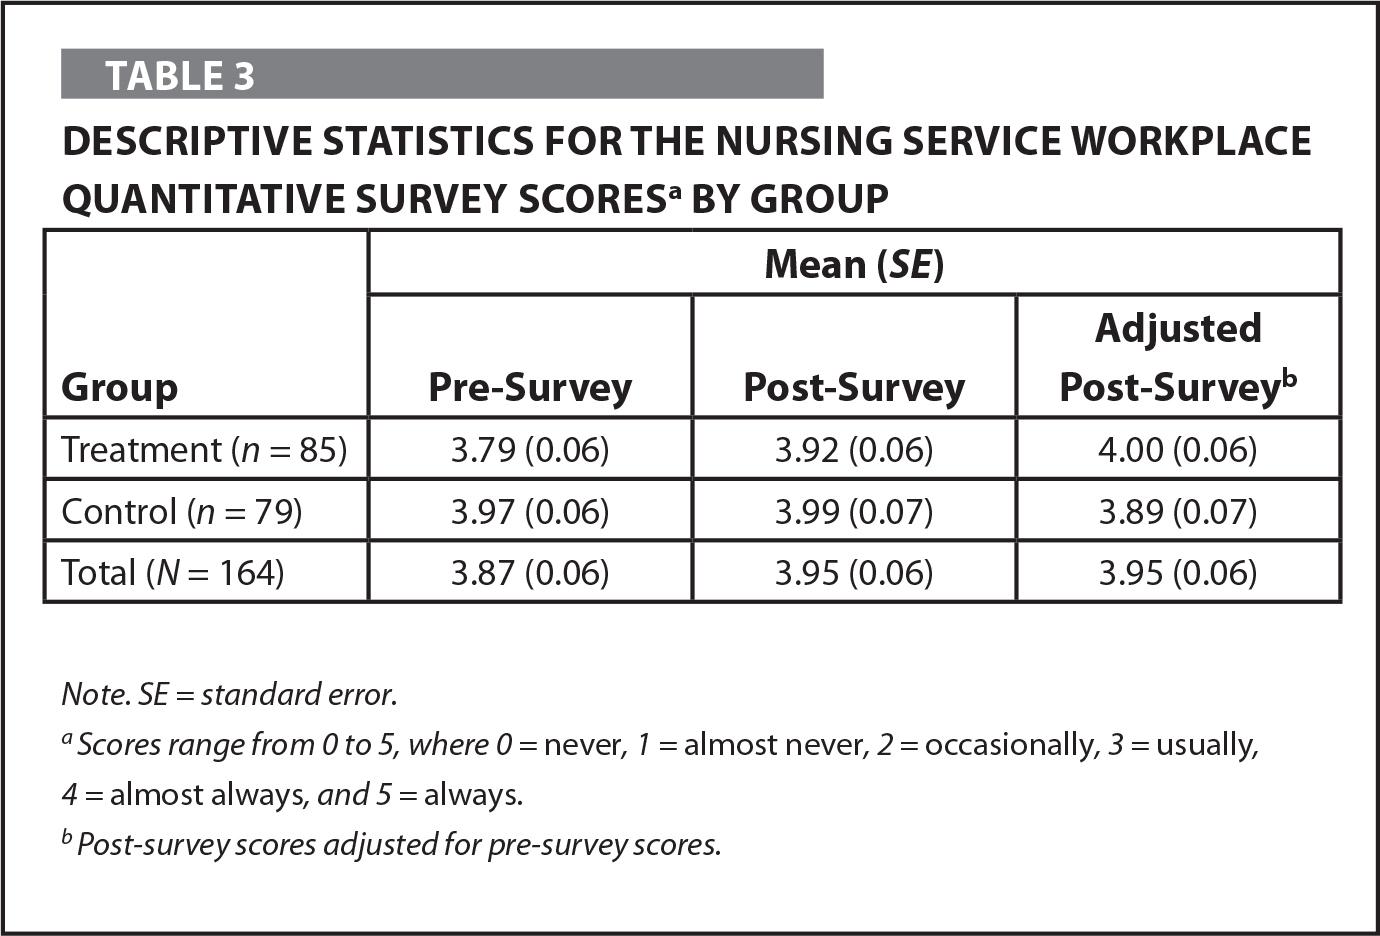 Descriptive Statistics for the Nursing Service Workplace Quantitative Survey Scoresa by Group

##########

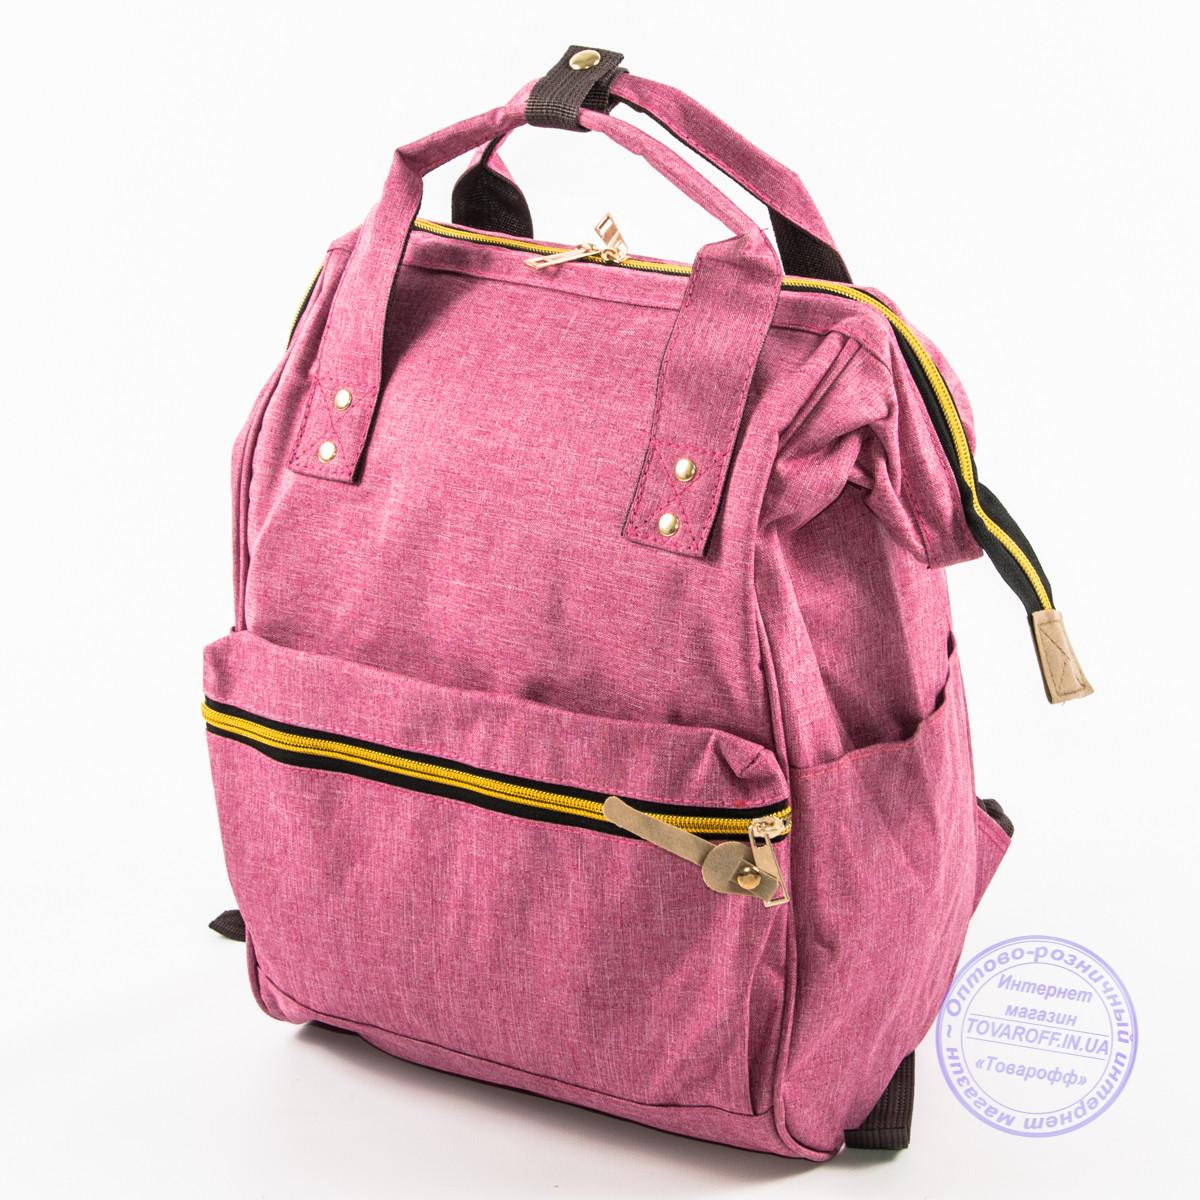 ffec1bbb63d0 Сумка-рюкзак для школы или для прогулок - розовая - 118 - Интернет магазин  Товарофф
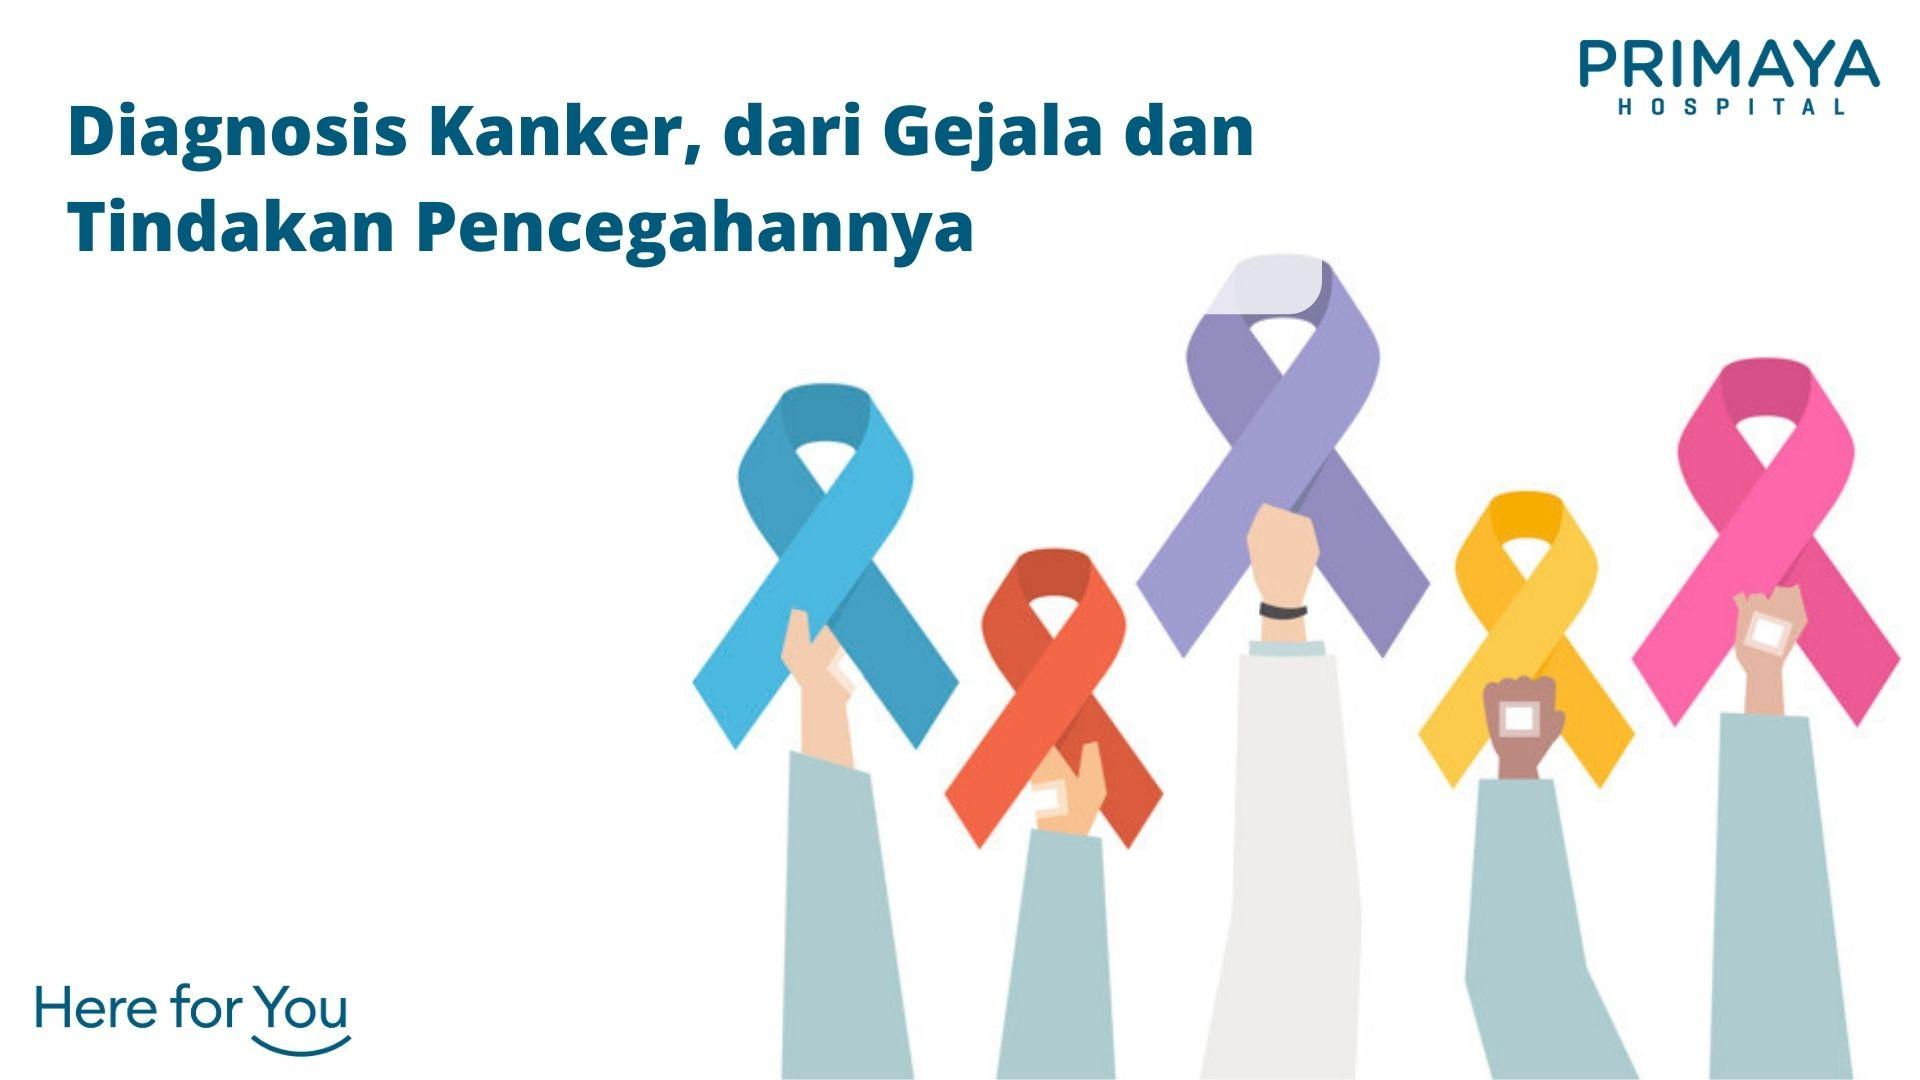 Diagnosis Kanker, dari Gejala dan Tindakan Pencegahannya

##########

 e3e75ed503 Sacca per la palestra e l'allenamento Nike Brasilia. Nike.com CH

##########

What you should do: In the material above, one part opens with the line containing "ffec1bbb63d0 Сумка-рюкзак для" and closes with the line containing "Diagnosis Kanker, dari". Write out that part exactly and skip its pictures.

Result of this task:
 ffec1bbb63d0 Сумка-рюкзак для школы или для прогулок - розовая - 118 - Интернет магазин  Товарофф
 Diagnosis Kanker, dari Gejala dan Tindakan Pencegahannya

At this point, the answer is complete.